The trial in the High Court at Auckland is expected to last about a month. Photo / File
The trial of a well-known Kiwi businessman and his manager started today in Auckland. Sam Hurley reports from court.
A prominent and wealthy businessman, described as "a funder" of his industry, used his powerful and influential position in criminal ways, a court has heard.
Today, the businessman's trial began in the High Court at Auckland before a jury of nine women and three men, with Justice Geoffrey Venning presiding.
The man is accused of indecently assaulting young men at his Auckland home and later trying to bribe one in an effort to stop him giving evidence.
The Herald can also report for the first time the businessman is charged with indecently assaulting a third man, along with the allegations he rejects against two other complainants.
The businessman, who continues to enjoy interim name suppression, faces three charges for the sexual allegations from separate occasions in the early 2000s, 2008 and 2016.
He is further accused of twice attempting to pervert the course of justice in 2017 by trying to dissuade the 2016 complainant with payment of $15,000 and the offer of future work opportunities.
The rich-lister's manager, who has name suppression, is also on trial and jointly faces a charge of attempting to pervert the course of justice by trying to dissuade the same complainant.
Both men have pleaded not guilty to all the charges.
"This is a case about a wealthy, influential businessman and funder of [his industry] ... Who took advantage of others by using his powerful and influential position in criminal ways," Crown prosecutor Simon Foote QC told the jury.
"The core of the Crown case is simply a wealthy and influential man indecently assaults young men in his house."
Foote said the three complainants do not know each other but "there are noticeable similarities about what each of them have to say".
Justice Venning earlier told the jury a third defendant, a well-known entertainer, has already pleaded guilty to two charges of attempting to pervert the course of justice.
The entertainer, who has interim name suppression, is due to be sentenced next month.
Foote said the entertainer was part of the "most elaborate and fortunately unsuccessful" effort to dissuade the 2016 complainant, the first of the three alleged victims to talk to police about the businessman, from giving evidence.
The alleged plot occurred on the Gold Coast in May 2017 and involved the businessman allegedly recruiting two people who work in public relations to aid the attempt.
"Their evidence is incriminating to them," Foote said of the PR experts.
However, the Solicitor-General has granted the duo immunity from prosecution in return for their evidence for the Crown, he explained.
The "instigators of this plot" were the businessman, his manager and the entertainer, he told the court.
Foote told the jury he will present evidence showing the businessman paid a total of $56,000 to the PR duo for their part in the alleged scheme, which involved a meeting at the five-star Palazzo Versace hotel and false promises of introductions to New York talent agents.

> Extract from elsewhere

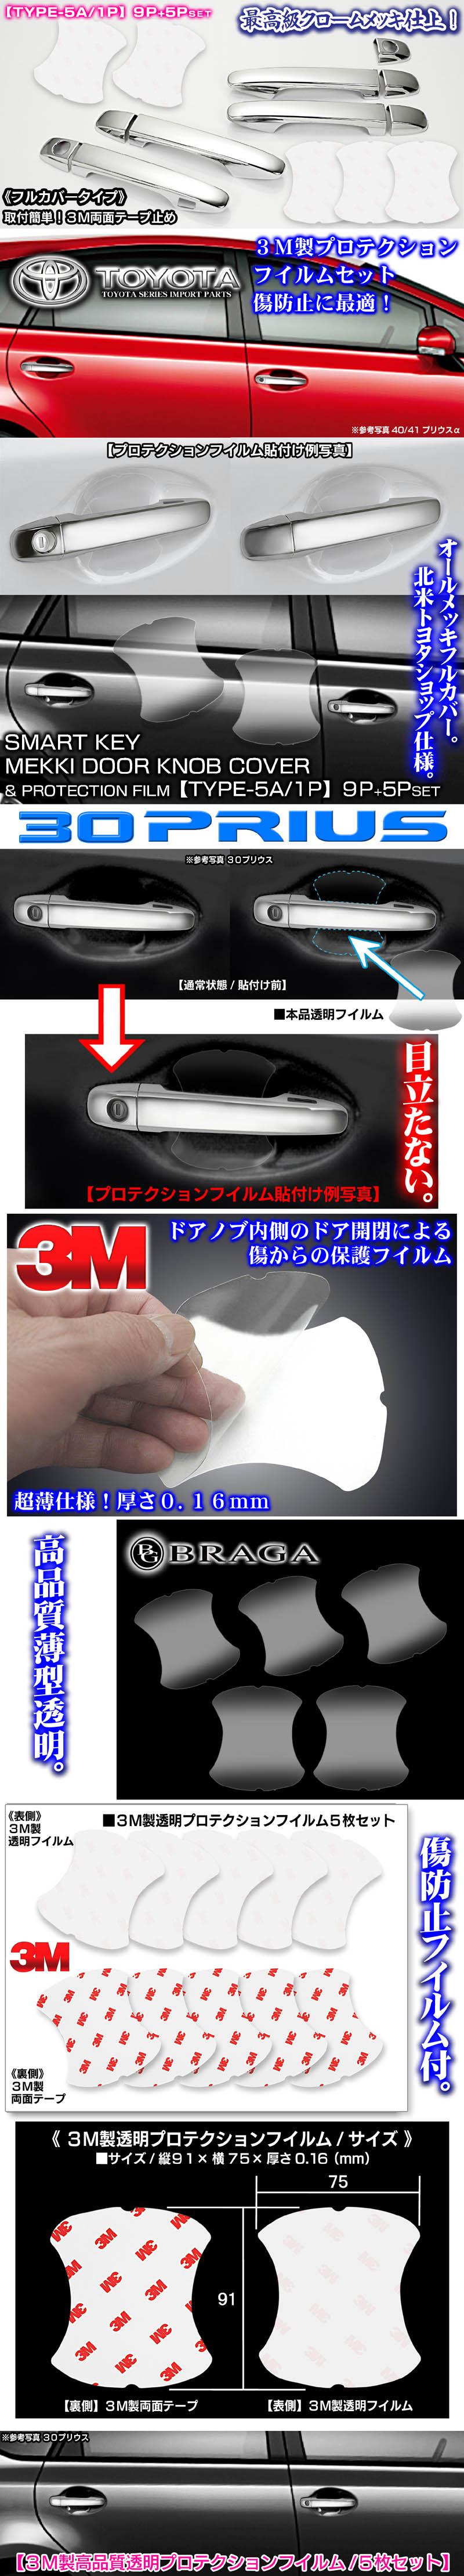 トヨタ/セダン車【タイプ5A/1P】メッキ ドアノブ/ハンドル カバー&保護透明フイルム[14点セット]スマートキー1個/ブラガ
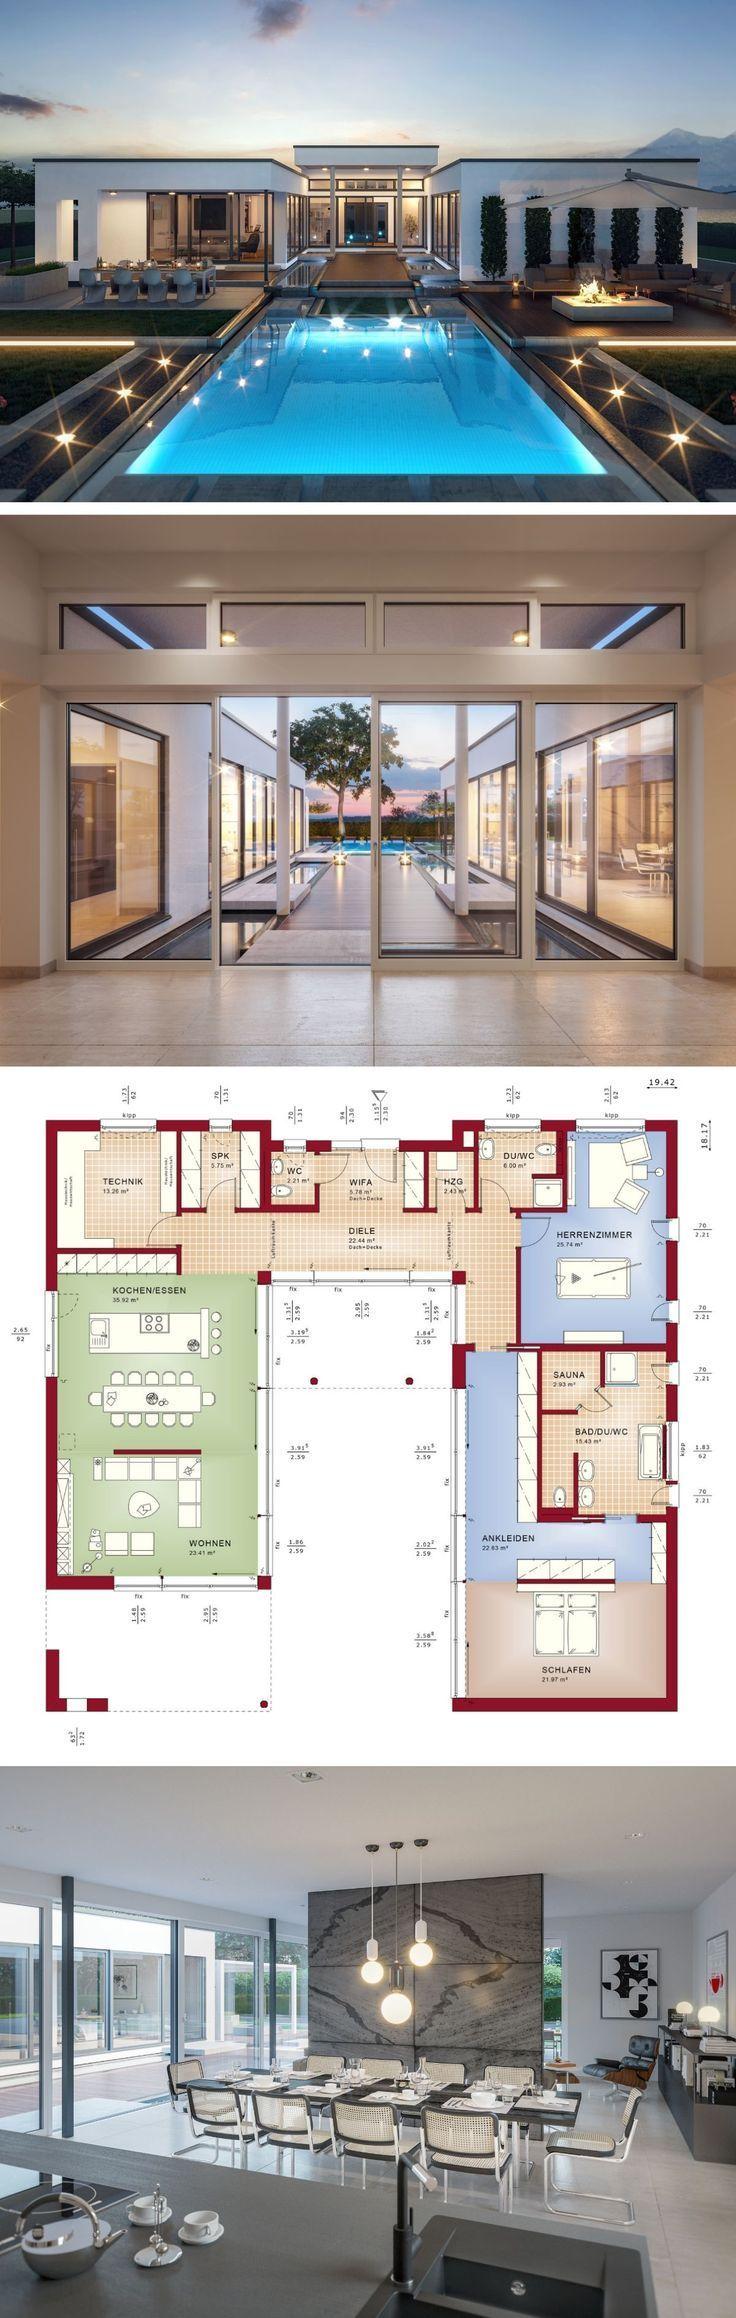 Bungalow Minimalist European Style Architecture De…

"The plan was clear to the conspirators, get rid of the complaint against [the businessman] by providing an attractive offer of work."
Within 24 hours of returning to Auckland from the Gold Coast, the two PR workers met with the businessman's manager at a central city bar.
The meeting was secretly recorded by one of the PR workers on their phone.
Foote said between the noise of the music and background noise the jury will hear the group discuss the events of the Gold Coast.
They also discuss what else they can offer the complainant to drop his allegations, the prosecutor added.
Critically for the Crown's case, Foote said, the group acknowledged what they are doing was a criminal offence and in fact named the offence as an obstruction of justice.
During an earlier "straightforward attempt to buy off" the same complainant in April 2017, Foote said the entertainer explained he could "fix the situation" with the businessman.
"He has enough money to buy people to survive," the entertainer told the complainant.
The businessman vehemently denies the allegations of corruption and claims the entertainer was offering the bribes on his own initiative.
The jury will be shown evidence of bank transfers, receipts and listen to secret recordings of conversations.
Justice Venning also told the jury they were sitting on a retrial after an earlier trial in the district court in March 2019 for the three defendants was aborted.
"For reasons it is unnecessary to go into, this trial was unable to be completed," he said.
The court heard the complainant who accuses the businessman of indecently assaulting him during the early 2000s came forward to police after reading media reports about the March 2019 trial.
The businessman was first charged with the alleged 2016 indecent assault in February 2017 and has been on bail for some three years.
He is represented by top Auckland defence lawyer David Jones QC, who told the jury reliability and credibility "is a big issue in this trial for many of the Crown witnesses".
"The thing about being a wealthy [man] is a lot of people are coming to you asking for money and a lot of people are going to be going away disappointed," Jones said in an opening statement.